I Have A Ibm Thnkpad T20 And On Bootup It Automatically Goes Straight To The Error 0175 Bad Crc1 Ive Tried Flashing The Bios With A Floppy But Cant Becuase It Wont Boot To The Bios It Only Locks Up? Is There A Way To Fx This Problem Without Replaceing The Motherboard? And What Is The Eeprom? Ive Been Tryin To Find An Alternative To Replacement Becuase Its Not Worth That Much To Me But Any Help Would Be Greatly Appreciated Thanks


----------



## mattlock (Dec 28, 2005)

Hello and Welcome to TSF. 
This appears to be a common problem with T20/T21. It's a bad EEPROM or a bad M/B. IBMs resolution is to replace the board.

http://www-307.ibm.com/pc/support/site.wss/document.do?lndocid=MIGR-4PEN8X

Also found this link with some tests you can do to find out if it's the board or the EEPROM. Either way it's not a simple fix.

http://www.hardwareanalysis.com/content/topic/31761/ There is an offer for repairing the EEPROM in the this link. My posting the link is purely for informational purposes. Please do not consider it an endorsement of any kind. 
Matt


----------



## zjohnsonis (Apr 17, 2007)

i read the post an i guess i need a crc recovery can i do this from home or does anyone kno how i can do it myself? Without having to pay 159$ and send my notebook in i already took it apart and removed the motherboard tried flashig with new bios but wont boot to any devices any help wold be nice thanks


----------



## mattlock (Dec 28, 2005)

Ok I've done some more digging on your problem and have a couple of options for you.
1) You could purchase a motherboard from Ebay. I looked there kind of quickly and found 30+ boards (most with CPU included) for $50-$115 + S&H.
2) I found a site that will sell you the repair file and instructions for $45. It involves building an interface device and soldering it to the EEPROM. If interest in this method checkout the links below.

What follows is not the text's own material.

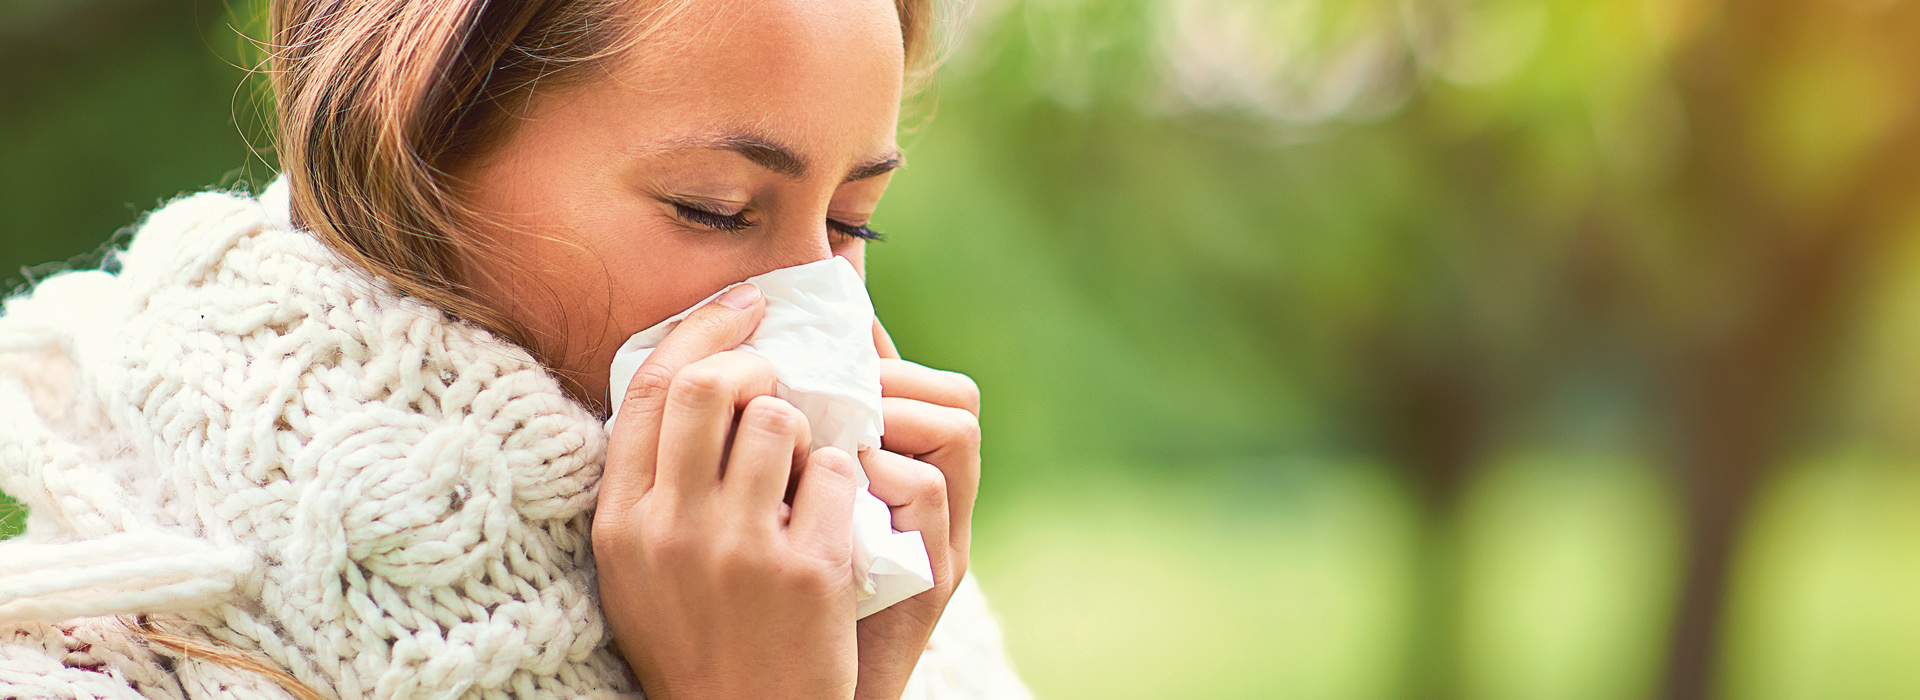 Allergie, Pollen, Frau, Heuschnupfen, Erkältung, Pollensaison, Niesen, Kopfschmerzen, Beschwerden

http://www.ja.axxs.net/unlock/

If you don't want to build the device yourself this site sells them. Price unknown. Check out sites "How To" 
http://www.passwordmethod.com/index1.php

Regardless of what you decide, please keep me informed of your progress.

BTW, did you try the tests suggested in the first link I posted to find out if CRC recovery was a viable option? 

Matt


----------